The Salvation of Man and Underwear
by Scarlett Farr 2/06/2010 / Humor
"Do you really think he's coming with us?" Shari asked excitedly.
"He said he would meet us in the lobby," answered Betsy.
Sure enough, at 11:45 Shari and Betsy stepped off the elevator to find Tommy waiting. They had been working up to this for weeks. Little by little, they dropped hints and asked probing questions to determine if he was a Christian. Although he had given no direct indication, he had not balked at their attempts so far. Agreeing to go to a prayer vigil at noon was a huge sign they had made some headway.
As they started up the hill toward City Hall, Betsy took the initiative and began firing questions at Tommy. "Do you go to church anywhere, what denomination do you prefer?" For three or four minutes, she talked so fast she barely let Tommy answer before launching into another question. Shari was relieved Betsy kept the conversation going. She did not have the gift to talk off the cuff as easily as Betsy.
As they approached the traffic light and waited to cross, Betsy suddenly stopped talking. Shari looked past Tommy and saw that Betsy had a disturbed look on her face. "Oh no," thought Shari, "Tommy must have said something to upset her. Darn, I wasn't listening. What were they just talking about?"
They crossed the street and Shari looked at Betsy again. That look was still on her face. "So, Tommy, have you ever been to a prayer vigil before?" Shari questioned, racking her brain for something to say.
"No, can't say that I have." Tommy replied.
"Tommy doesn't seem upset. What could possibly be wrong with Betsy?" Shari wondered. She continued to force small talk with Tommy the remaining two blocks while Betsy remained silent. After the prayer vigil they started the walk back down the hill to their office building.
Betsy said nothing the entire trip back. Tommy didn't seem fazed by her silence and talked with Shari as they strolled down the sidewalk. Shari broached the subject of baptism and Tommy revealed he had never been baptized. At last, the long-awaited confession had been made. Shari looked at Betsy, hopeful she would rejoin the conversation. Nothing, except for the continued strained look on Betsy's face. "What on earth has upset her?" Shari worried. The three stepped onto the elevator and pushed their respective floor buttons. As Tommy got off on his floor, he said, "Thanks for inviting me. It was interesting. Maybe I'll go again next week."
Shari was elated as the elevator doors closed and she turned to Betsy to give her a high-five. Before she could raise her arm, Betsy blurted out, "Well, that was awkward!"
Stunned, the only thing Shari could say was, "Huh?"
"That was a miserable experience." Betsy continued as she began writhing about as if a bug had crawled up her skirt.

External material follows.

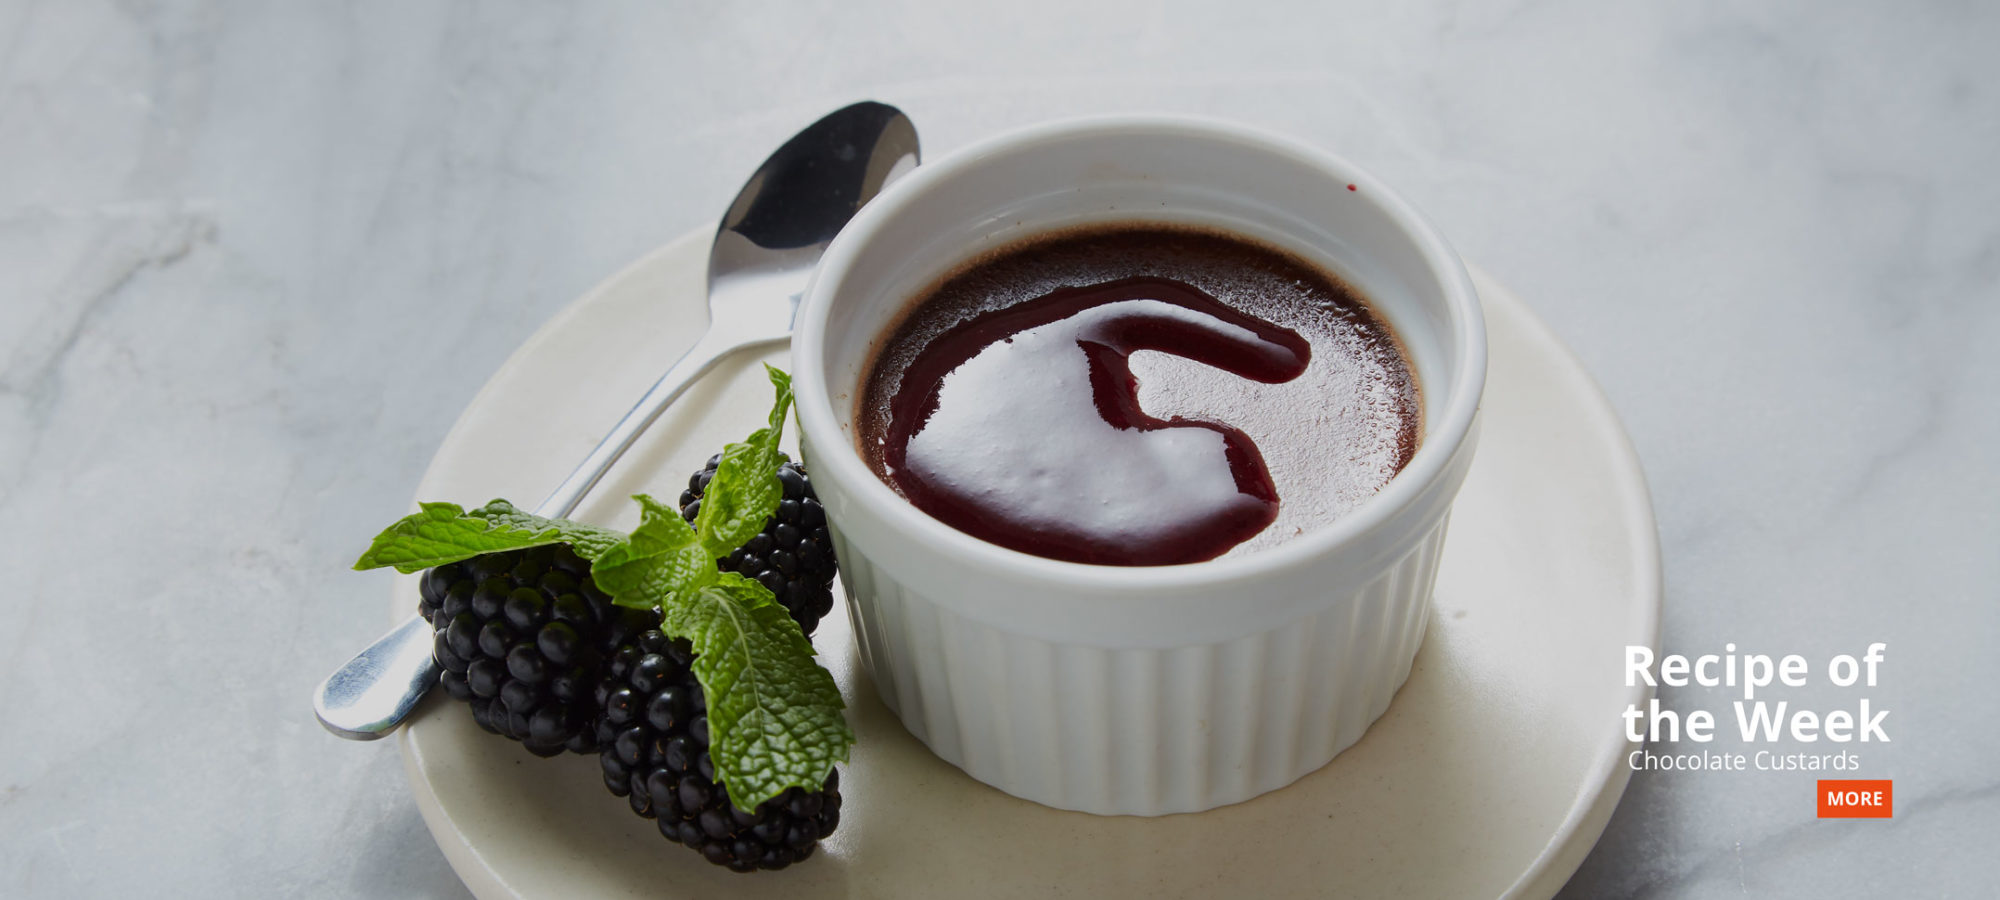 Jericalla Chocolate Custards

"What are you talking about?" Shari retorted. "Tommy just agreed to go to prayer vigil next week. He's clearly interested in learning more about Jesus. How could you possibly call that be a disaster? And, why are you wiggling about like a crazy woman?"

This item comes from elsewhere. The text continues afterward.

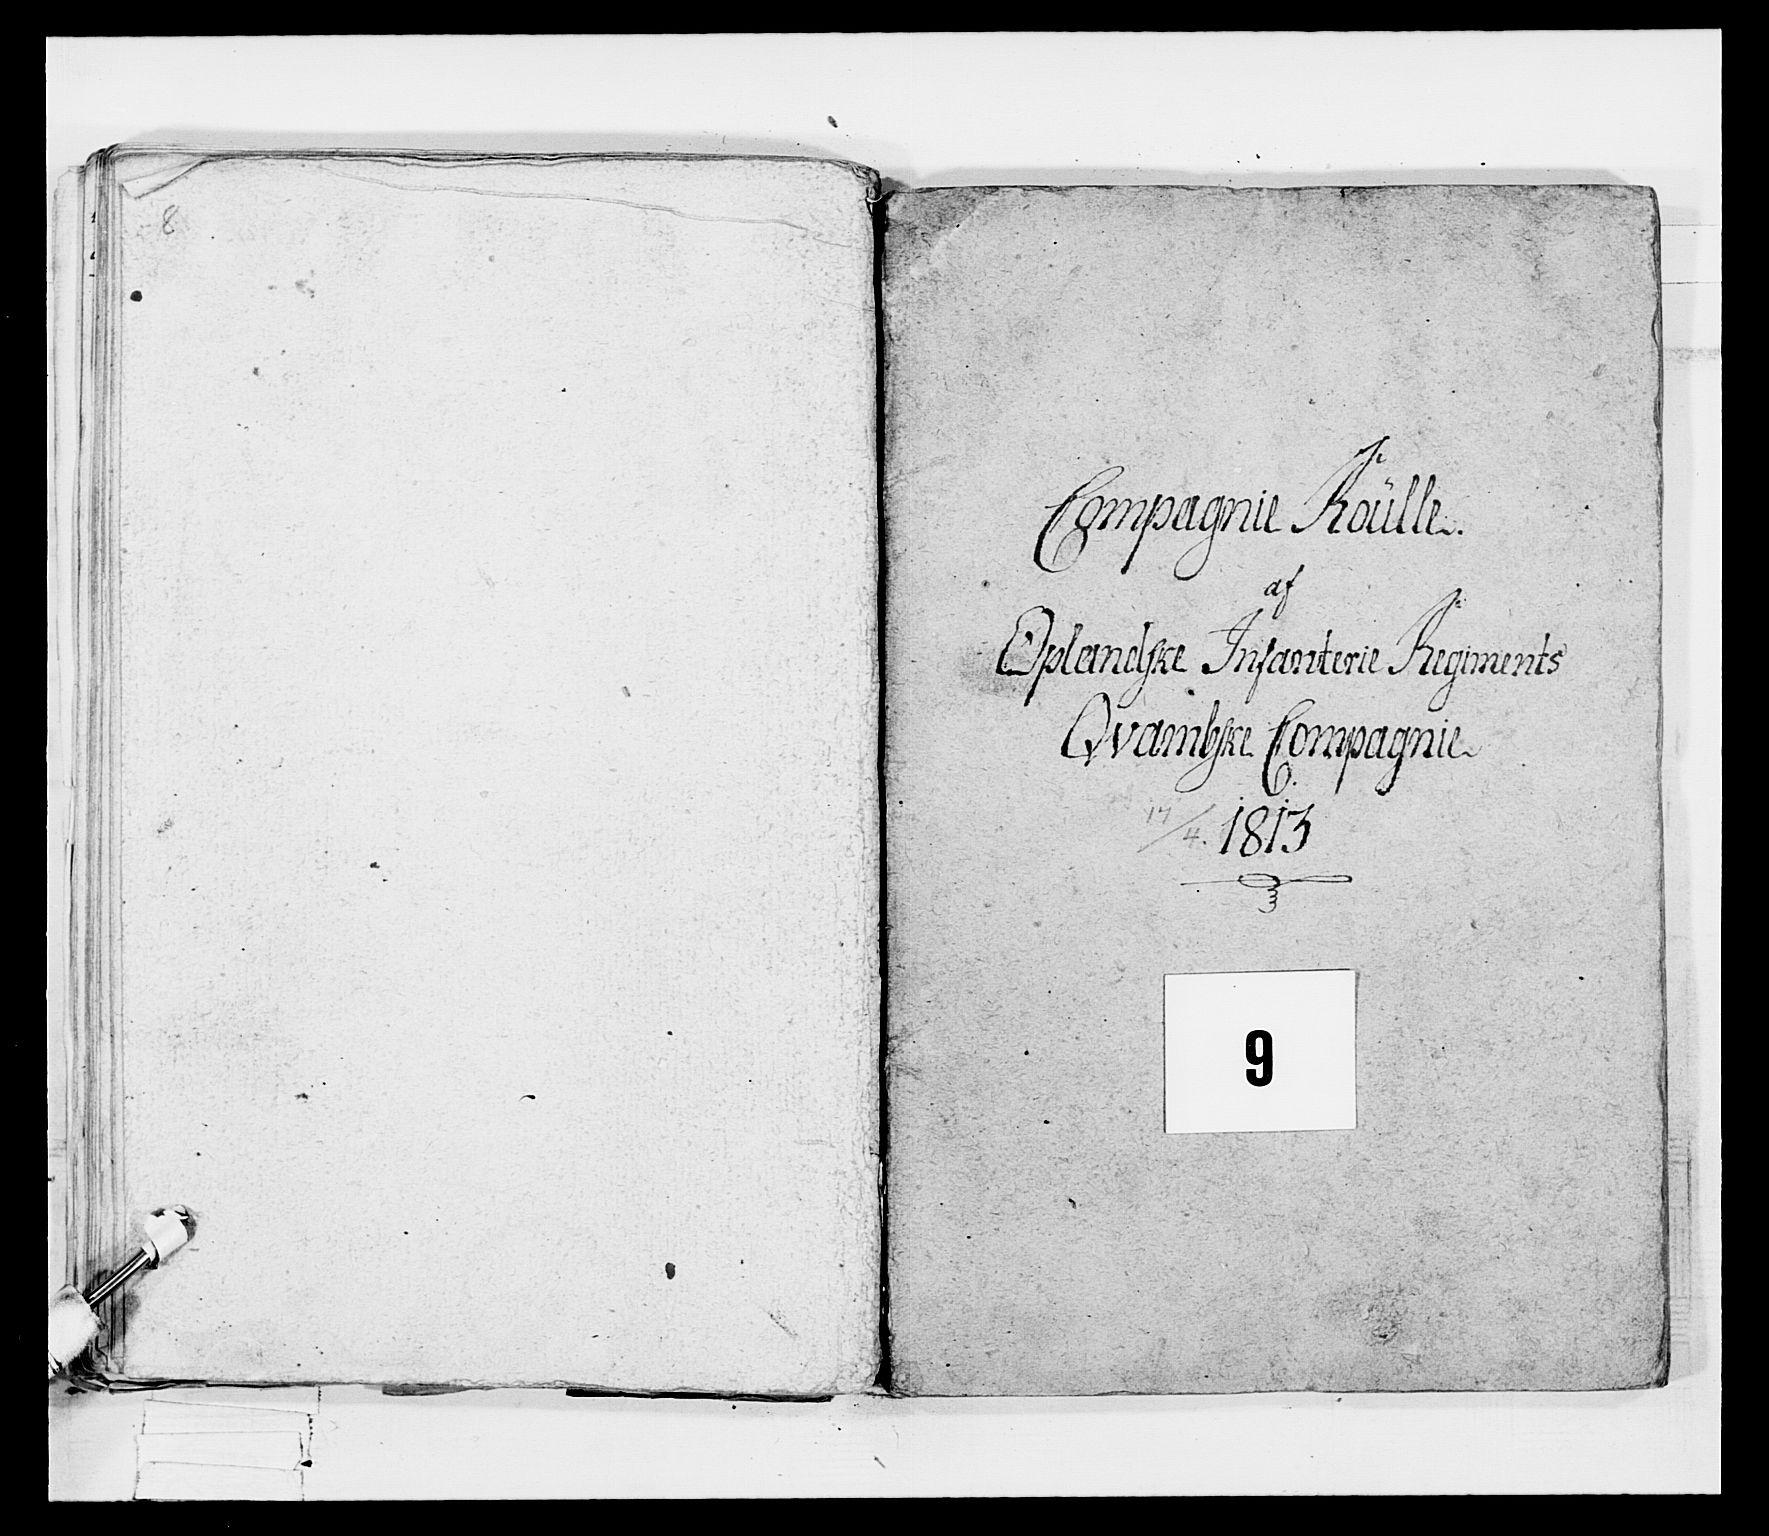 RA, Generalitets- og kommissariatskollegiet, Det kongelige norske kommissariatskollegium, E/Eh/L0069: Opplandske gevorbne infanteriregiment, 1810-1818, s. 419

"I'm trying to get situated." Betsy replied, still writhing about.
"Huh?" Shari asked again, completely confused.
"My pantyhose have been sliding down since we left for prayer vigil. Half-way up the hill they started pulling my underwear down with them. I've been trying to hold them up without drawing attention to myself. It wasn't obvious was it?" Betsy asked hopefully.
"Your underwear has been drooping for over an hour?" Shari asked, trying to hold back a snorting laugh.

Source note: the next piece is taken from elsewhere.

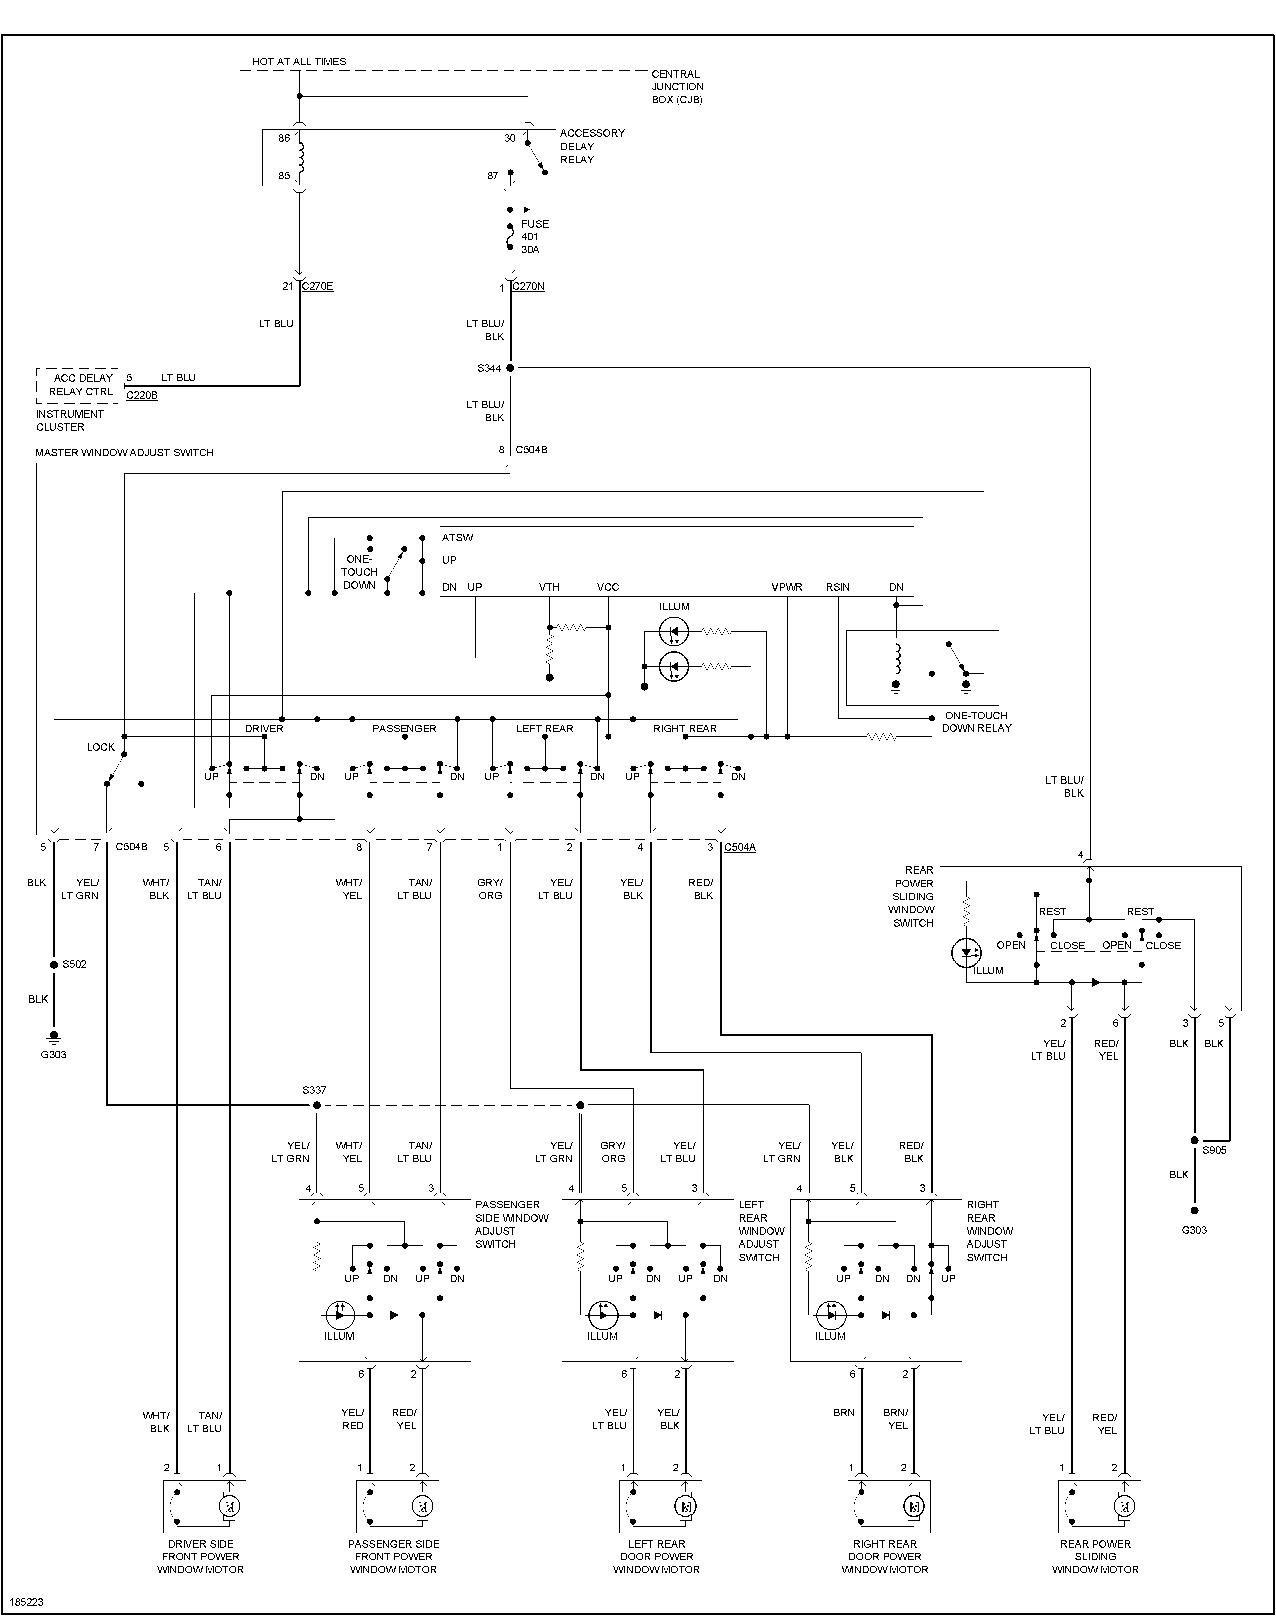 2005 F150 Window Motor Wiring Diagram - Wiring Diagram Text plunge-river -  plunge-river.albergoristorantecanzo.it | 2005 Gmc Window Wiring Diagrams Free |  | plunge-river.albergoristorantecanzo.it

"Yes, it was horrible," protested Betsy. "I thought I had lost them at the second traffic light. I haven't heard a word you two said because all I could think about was my underwear falling around my ankles."
Shari couldn't hold her laughter any longer and Betsy couldn't hold her underwear any longer. As Shari wiped tears from her eyes, Betsy reached under her skirt and tugged her underwear and pantyhose into their proper places. Then she joined in the laughter with Shari.
After they calmed down, Betsy asked, "So do you think Tommy might be considering accepting Jesus as his Lord and Savior?"
"It's possible," Shari answered, "but you better wear pants next week just in case. I can just see the headline now: 'Man's salvation so unbelievable underwear falls off bystander'".
"Good idea," Betsy agreed as they parted ways in the hall.
Scarlett Farr lives with her husband, daughter and dog in Lizella, Georgia.